通过 kubeadm 部署的自建集群(Self-hosted Kubernetes)。

导入 EKS 集群

There are 0 nodes available to run the cluster agent. ⇒ 需要确保相关 Local 中相关 Pod 正常启动。否则 Rancher 无法完成针对 EKS 的初始化。

相关导入错误

[Sol.] … failed to set peers for key … failed to start user controllers for cluster …

[BUG] handler user-controllers-controller: userControllersController: failed to set peers for key all: failed to start user controllers for cluster c-kf2gs: secrets “cattle-global-data/” not found, requeuing · Issue #42055 · rancher/rancher

… [ERROR] error syncing ‘_all_’: handler user-controllers-controller: userControllersController: failed to set peers for key _all_: failed to start user controllers for cluster c-rpsxr: secrets “cattle-global-data/” not found, requeuing …

The issue is with AWS IAM user permission, use same IAM user Access and secret in Rancher AWS cloud credentials which you used to install EKS, and the issue will resolved. —— 我们是主账号创建的集群,所以我们使用主账号的 Access Key / Secret Key 来纳管集群。

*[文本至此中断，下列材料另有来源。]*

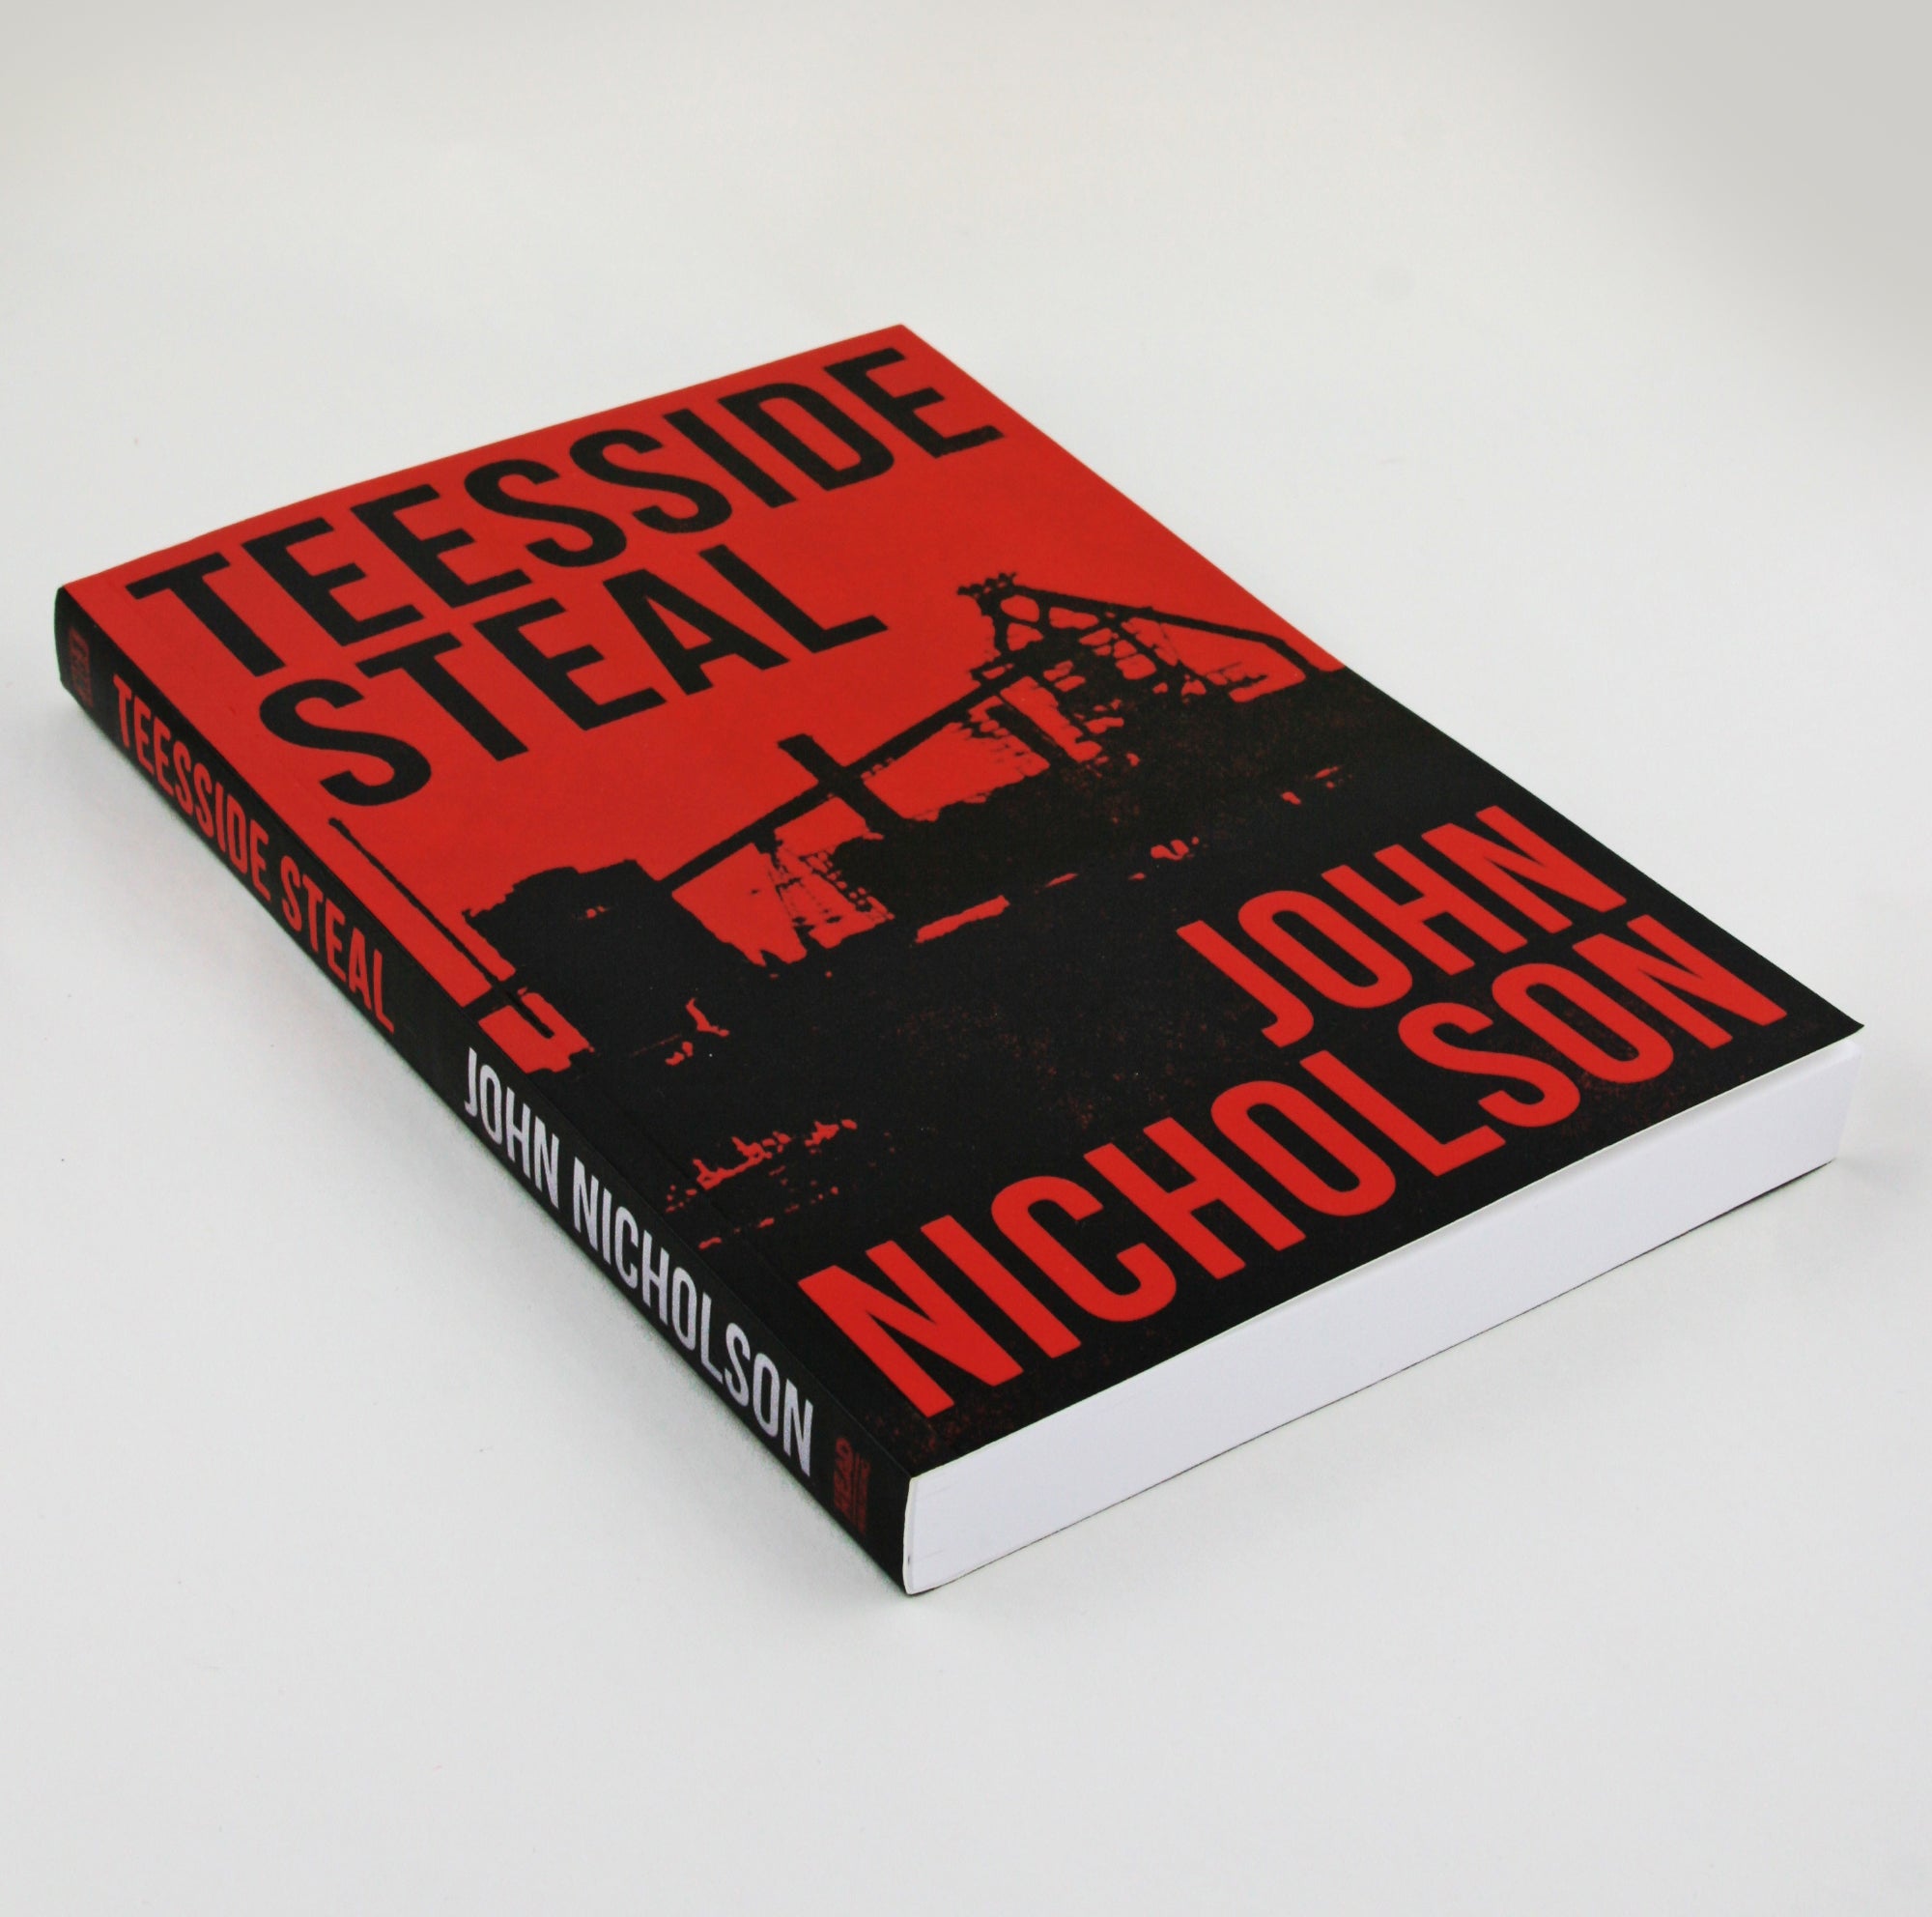 Teesside Steal by John Nicholson

[Sol.] … failed calling webhook …

[BUG] failed calling webhook “rancher.cattle.io.secrets”: failed to call webhook: the server could not find the requested resource · Issue #41826 · rancher/rancher

… failed calling webhook “rancher.cattle.io.secrets”: failed to call webhook: the server could not find the requested resource …

分析:集群未正确清理。

kubectl delete -n cattle-system MutatingWebhookConfiguration rancher.cattle.io
kubectl delete -n cattle-system validatingwebhookconfigurations rancher.cattle.io

[Sol.] … There are 0 nodes available to run the cluster agent. The cluster will not become active until at least one node is available …

分析:Agent 注册失败,所有会提示该信息。

[Sol.] … unable to read CA file from … Strict CA verification is enabled but encountered error finding root CA …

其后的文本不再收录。